Economists Who Live In Glass Houses...

In the land of the self-unaware, there is attempted regicide:

The subtext of Mr. Bush's bombast is that because he can't bring himself to admit a mistake, he refuses to give up on his effort....

Which is a tactic on which the Princeton economist is something of an expert (selecting almost at random from his website):

A few people have asked me about that letter from Bush's former business associates, regarding the nature of his deal with the Texas Rangers syndicate. They assert something I didn't know: that he was granted a 12 percent share of the profits despite having put up only 2 percent of the money back in 1989, when the deal was initialized, rather than in 1998, when the franchise was sold. Assuming this is true - it would be nice to see the contract - does this make everything clean and above-board?

Actually, if anything it makes things worse. In fact, I suspect that the peculiarity of that contract, if it exists, is why we're only hearing about it now: had it been public knowledge at the time it would have raised a lot of questions.

Perish the thought! Someone can't bear to admit he redoubles his effort by packing four more errors into one sentence:

1. Bush's contract was not only not "peculiar", it was SOP. He was the Managing General Partner of a limited partnership, that Bush had put together to buy the Texas Rangers. Unlike the limited partners, George W. Bush didn't have limited liability; that's why his share of the profits was larger than his investment. He was the one taking on risk beyond his investment.

2. The contract most certainly existed. He wouldn't have been allowed to purchase the team by the Commissioner of Baseball without it.

3. We weren't "just hearing about it now" (August 2002), for instance, in 1999:

Bush and [Edward, Rusty] Rose, it was agreed, would have joint power in running the franchise, with Rose behind the scenes and Bush serving as the ownership's public face. Bush's total investment eventually would reach $606,302. For putting the deal together and running the club, Bush would receive an additional 10 percent return when the team was sold.

4. It was public knowledge, and Bush won an election in Arlington, Texas to have a taxpayer funded baseball stadium built.

Now, let's get back to Professor Krugman's mistakes in today's column ("Let's Get Real", indeed):

Where is Mr. Bush taking us? As the reality of Iraq gets worse, his explanations of our goals get ever vaguer. ....

.... American policy shouldn't be dictated by Mr. Bush's infallibility complex; our first priority must be our own security. And in Iraq, that means setting realistic goals.
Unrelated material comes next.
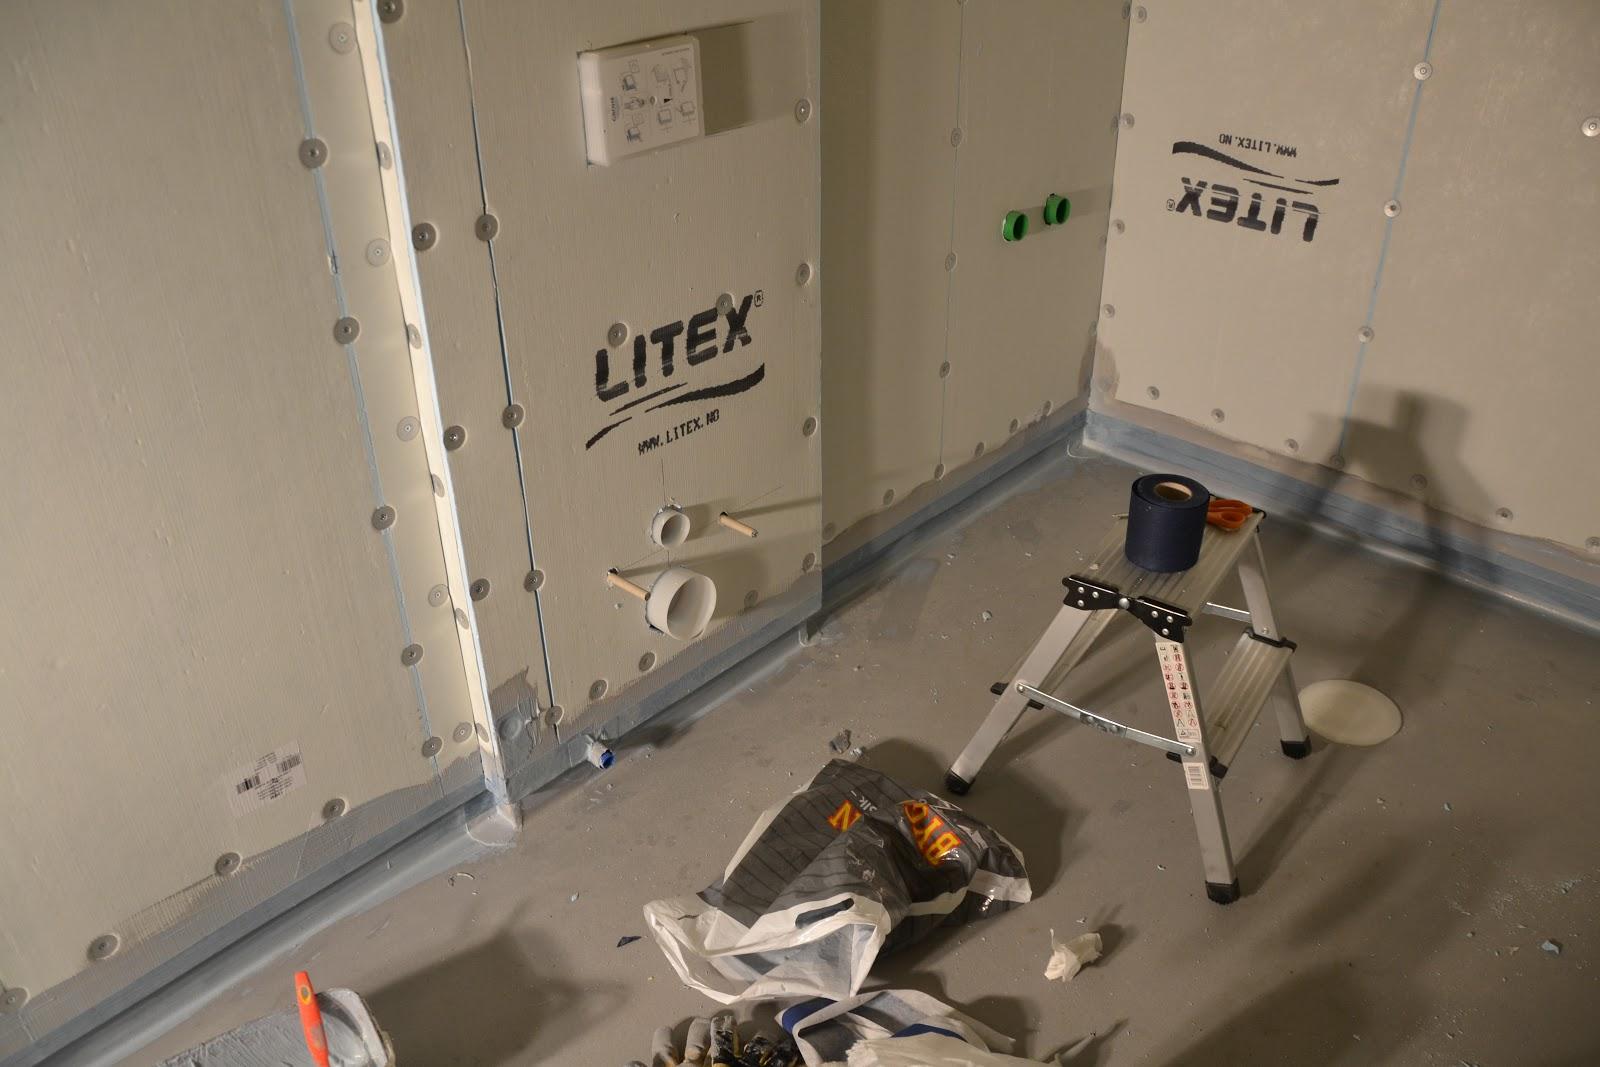 Litex baderomsplater

On "Meet The Press" back in April, Mr. Kerry wasn't as forthright about Iraq as he has now, at long last, become, but he did return several times to a point that shows that he is on the right track. "What is critical," he said, "is a stable Iraq." Not an Iraq in our image, but a country that isn't a "failed state" that poses a threat to American security.

Hmmm. Sounds suspiciously, unspecific, to me. Not to mention; "exactly what we're currently doing."